Working with Atlas classifications and labels
Add metadata to Atlas entities using labels and classifications.
You can add metadata to Atlas entities to help your organization find, organize, and share your understanding of the data assets that drive business processes. Atlas provides two mechanisms for adding metadata to entities: labels and classifications. Both labels and classifications can be applied to entities to help describe the entity's content, status, or other business-driven value.
- Labels
- Labels are words or phrases (strings) that you can associate with an
entity and reuse for other entities. They are a light-weight way to
add information to an entity so you can find it easily and share your
knowledge about the entity with others.
Anyone can create labels and associate labels with entities.
- Classifications
- Classifications are strings like labels, with added complexity and
structure:
- Atlas includes precise search tools for finding entities using classifications.

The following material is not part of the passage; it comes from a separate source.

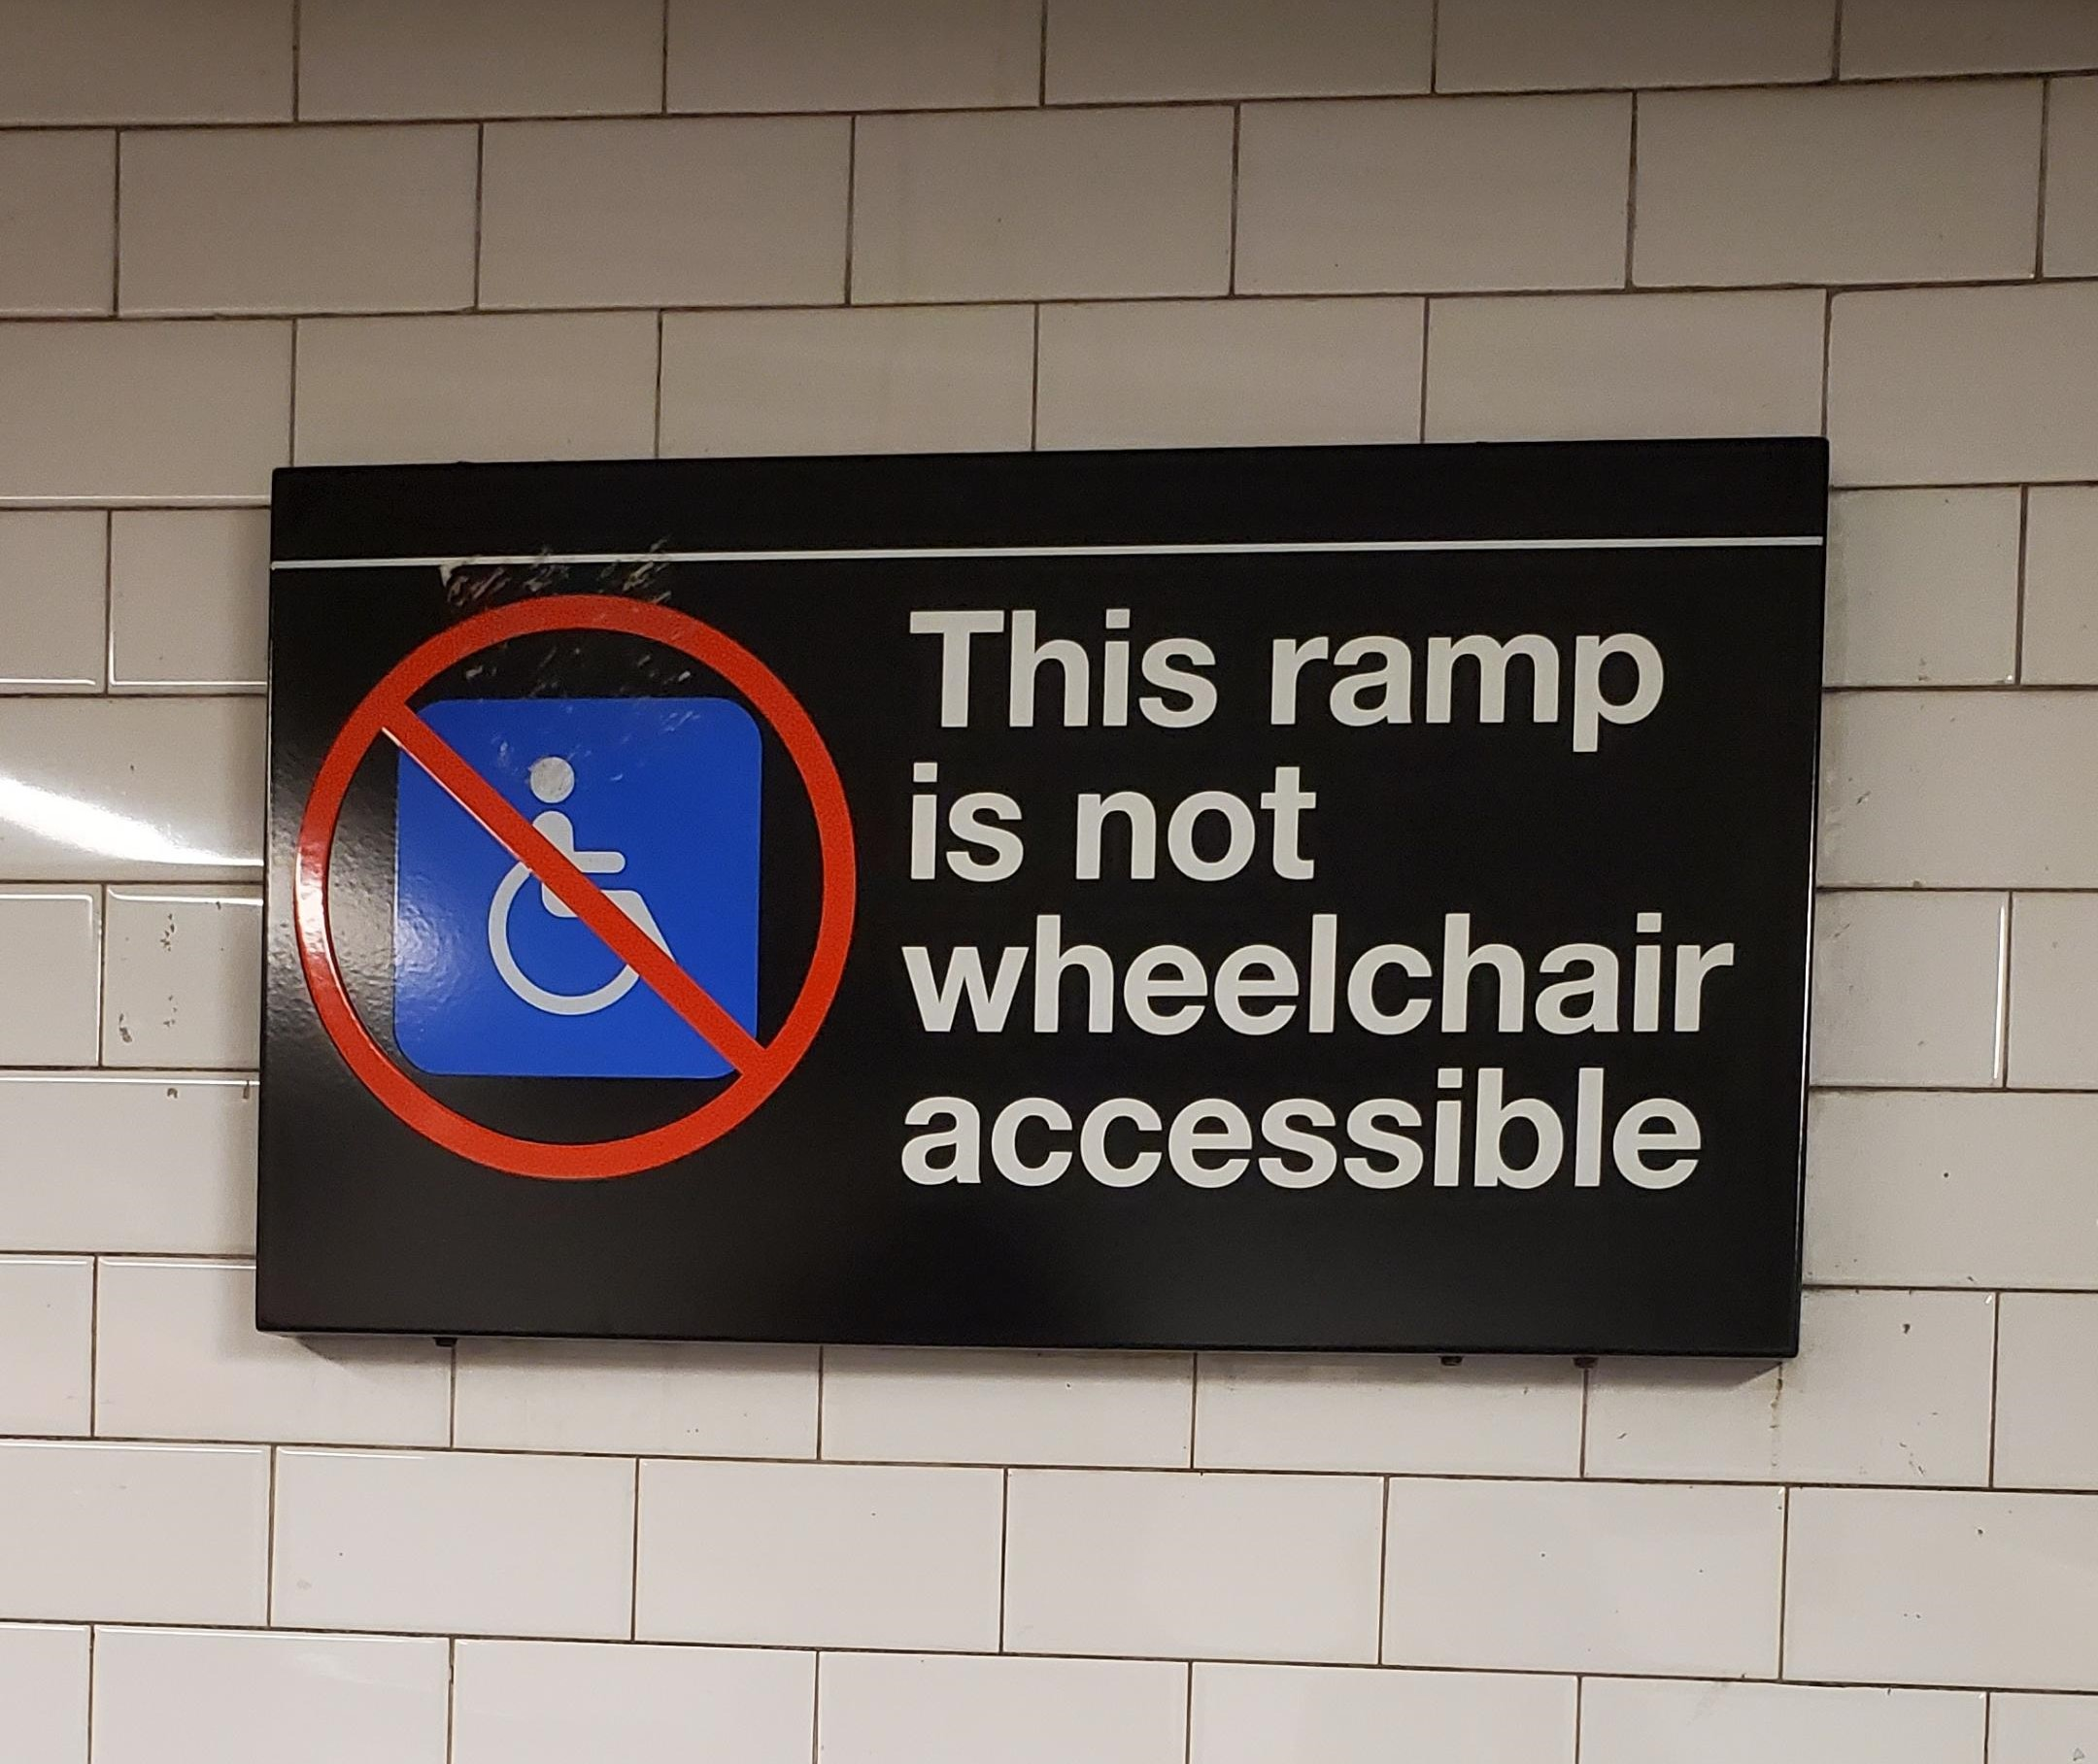 NYC Subway customer experience design fails

- Classifications can automatically propagate to additional entities through lineage relationships.
- You can use classifications to drive access control policies in Ranger.
- You can enrich a classification with attributes in the form of key-value pairs and set the value to describe a particular entity.
In short, use labels for annotating entities; use classifications to involve entities in processes inside and outside Atlas.
More about classifications: attributes
You can add key-value pairs, or attributes to the definition of a classification. A typical use for classification attributes would be to refine the meaning of a general category. Data assets identified with a classification of “PII” or Personally Identifiable Information can have classification attributes that indicate the nature of the information to drive data masking or expiration policies. Columns tagged with “PII” might be further separated into phone numbers, credit card numbers, and “other.” A Ranger policy based on the classification can use the attribute values to identify masks for the phone and credit card numbers and to block columns tagged as “PII” with attribute “Other.”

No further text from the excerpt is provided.